Choreographing problems: expressive concepts in European contemporary dance

Abstract

This dissertation explores how a recent set of practices in contemporary choreography in Europe give rise to distinctive concepts of its own, concepts that account for processes of making, performing, and attending choreographic performances. The concepts express problems that distinguish the creation of seven works examined here. The problems posed by these choreographers critically address the prevailing regime of representation in theatrical dance, a regime characterized by an emphasis on bodily movement, identification of the human body, and the theater's act of communication in the reception of the audience. In the works considered here, the synthesis between the body and movement - as the relation of movement to the body as its subject or of movement to the object of dance - upon which modern dance is founded is broken.
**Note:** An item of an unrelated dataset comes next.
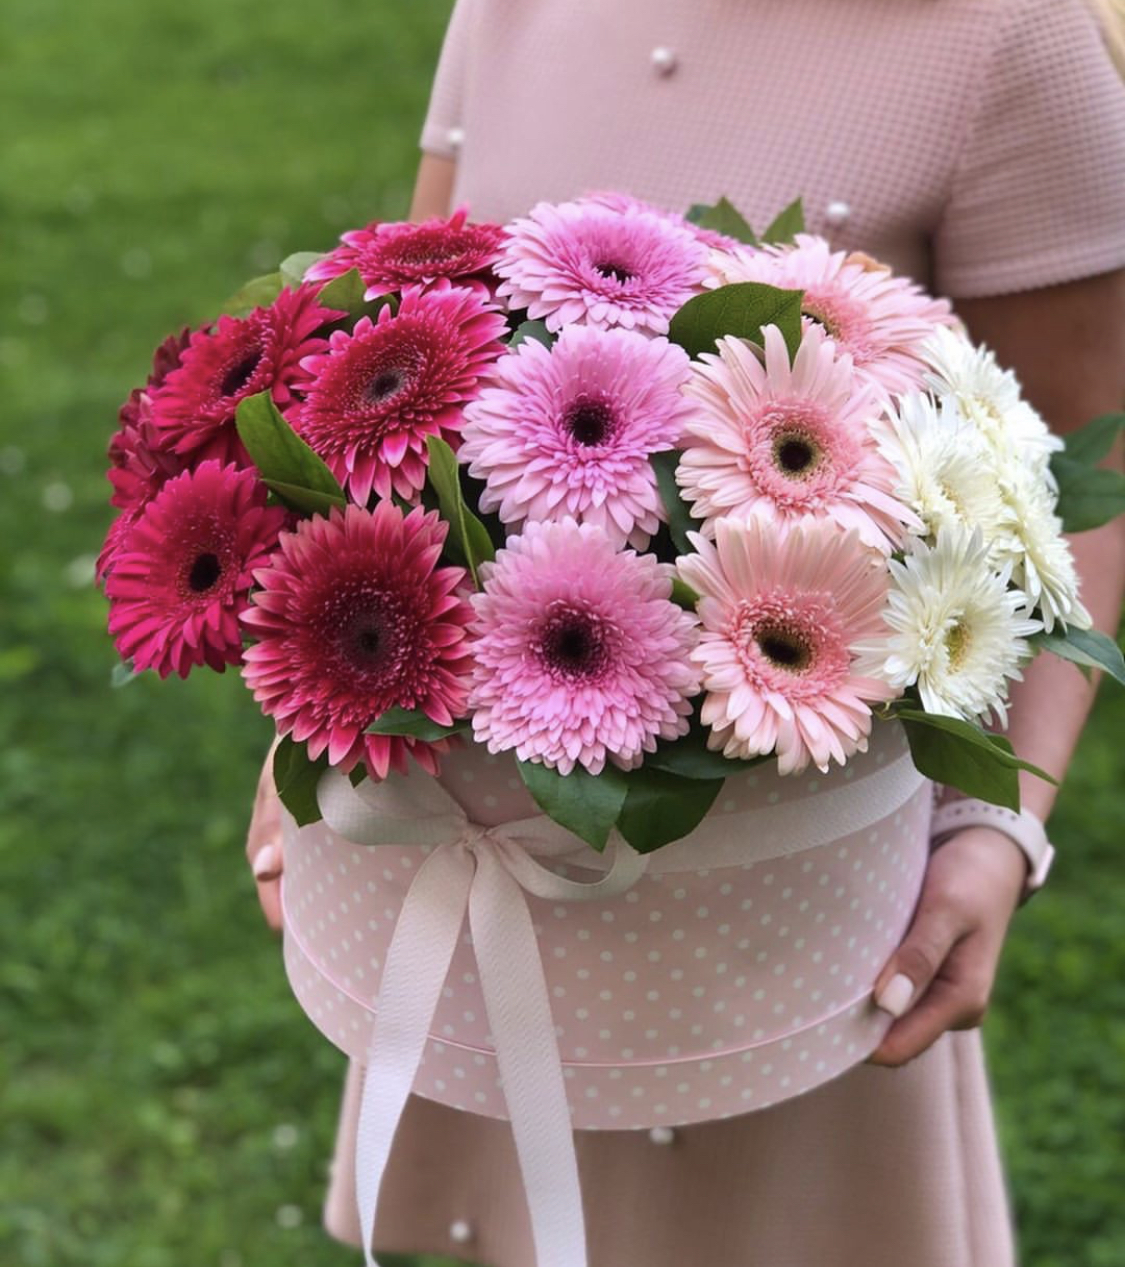 Фото с цветами герберами

Choreographing problems, in the sense explored in this dissertation, involves composing these ruptures between movement, the body and duration in performance such that they engender a shock upon sensibility, one that inhibits recognition. Thus problems "force" thinking as an exercise of the limits of sensibility that can be accounted for not by representation, but by the principle of expression that Gilles Deleuze develops from Spinoza'a philosophy. "Part-bodies", "part-machines", "movement-sensations", "headbox", "wired assemblings", "stutterances", "power-motion", "crisis-motion", "cut-ending", and "resonance" are proposed here as expressive concepts that account for the construction of problems and compositions that desubjectivize or disobjectivize relations between movement, body, and duration, between performing and attending performance. Developed through a careful analysis of how problems structure these performances, this thesis on expressive conceots further contributes to a redefinition of performance in general by making two additional claims. The first concerns the disjunction between making, performing and attending as three distinct modes of performance that involve divergent temporalities and processes. The second regards the shift from performance as the act in passing present towards the temporalization of performance qua process, where movement and duration are equated with ongoing transforation, a process that makes the past persist in the present.